The fibers in pennate muscles run at an angle to the axis of force generation. This pennation angle reduces the effective force of any individual fiber, as it is effectively pulling off-axis. However, because of this angle, more fibers can be packed into the same muscle volume, increasing the physiological cross-sectional area (PCSA). This effect is known as fiber packing, and in terms of force generation, it more than overcomes the efficiency-loss of the off-axis orientation. The trade-off comes in overall speed of muscle shortening and in the total excursion. Overall muscle shortening speed is reduced compared to fiber shortening speed, as is the total distance of shortening. All of these effects scale with pennation angle; greater angles lead to greater force due to increased fiber packing and PCSA, but with greater losses in shortening speed and excursion. Types of pennate muscle are unipennate, bipennate, and multipennate. A unipennate muscle has similarly angled fibers that are on one side of a tendon. A bipennate muscle has fibers on two sides of a tendon. Multipennate muscles have fibers that are oriented at multiple angles along the force-generating axis, and this is the most general and most common architecture.
muscle types
Muscle fibers grow when exercised and shrink when not in use.
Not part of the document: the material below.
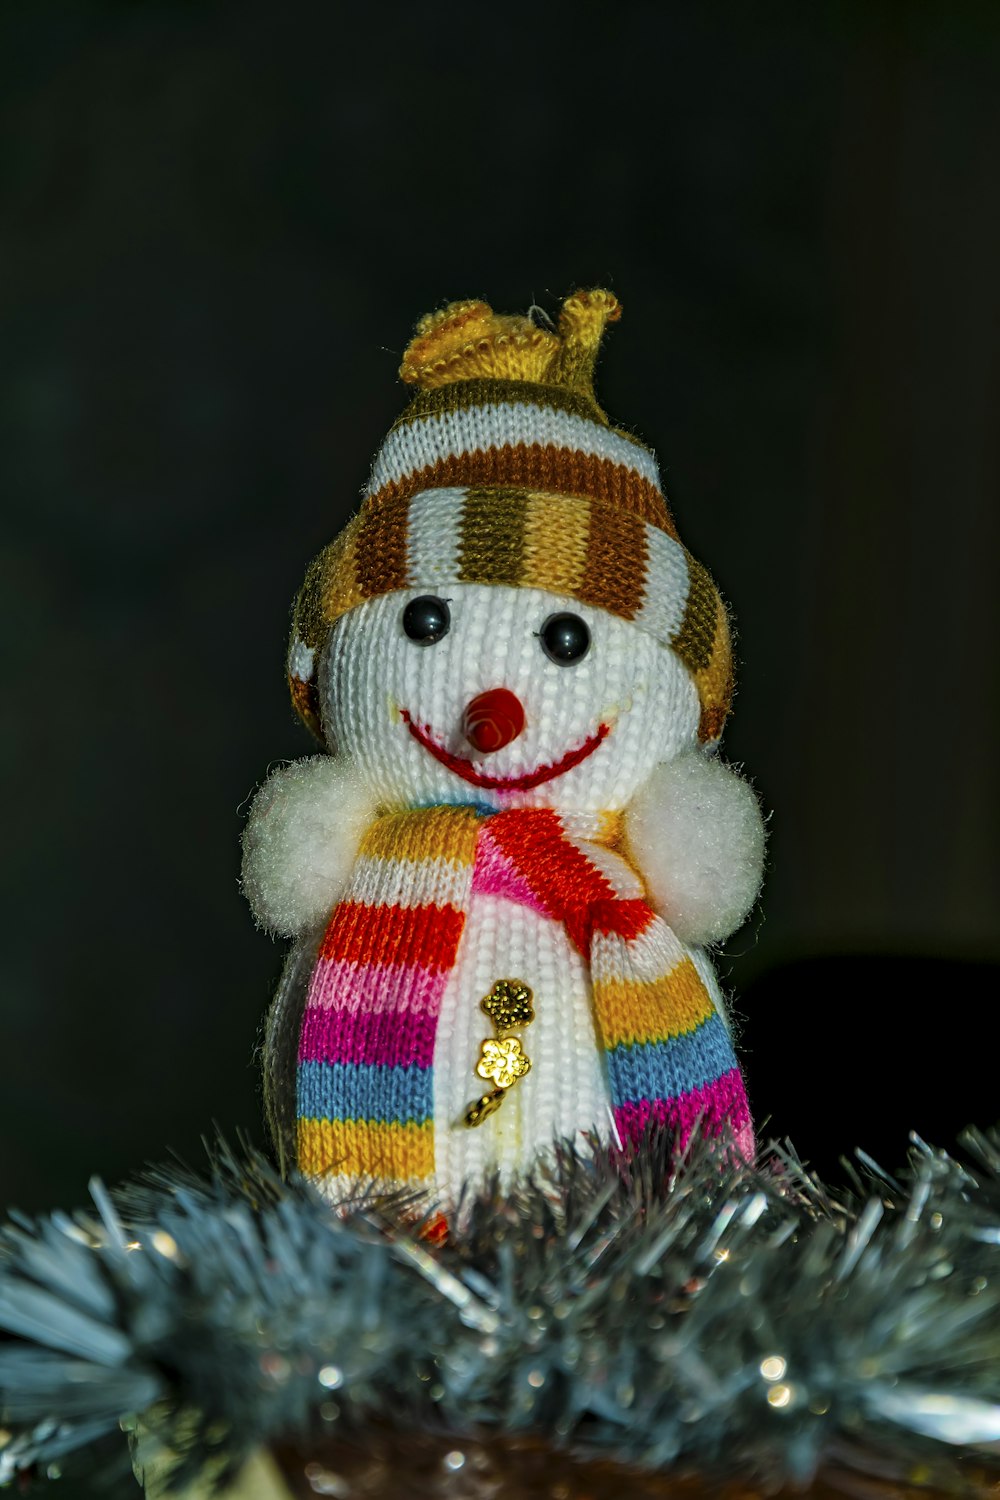 a snowman wearing a hat

This is due to the fact that exercise stimulates the increase in myofibrils which increase the overall size of muscle cells. Well exercised muscles can not only add more size but can also develop more mitochondria, myoglobin, glycogen and a higher density of capillaries. However muscle cells cannot divide to produce new cells, and as a result there are fewer muscle cells in an adult than in a newborn.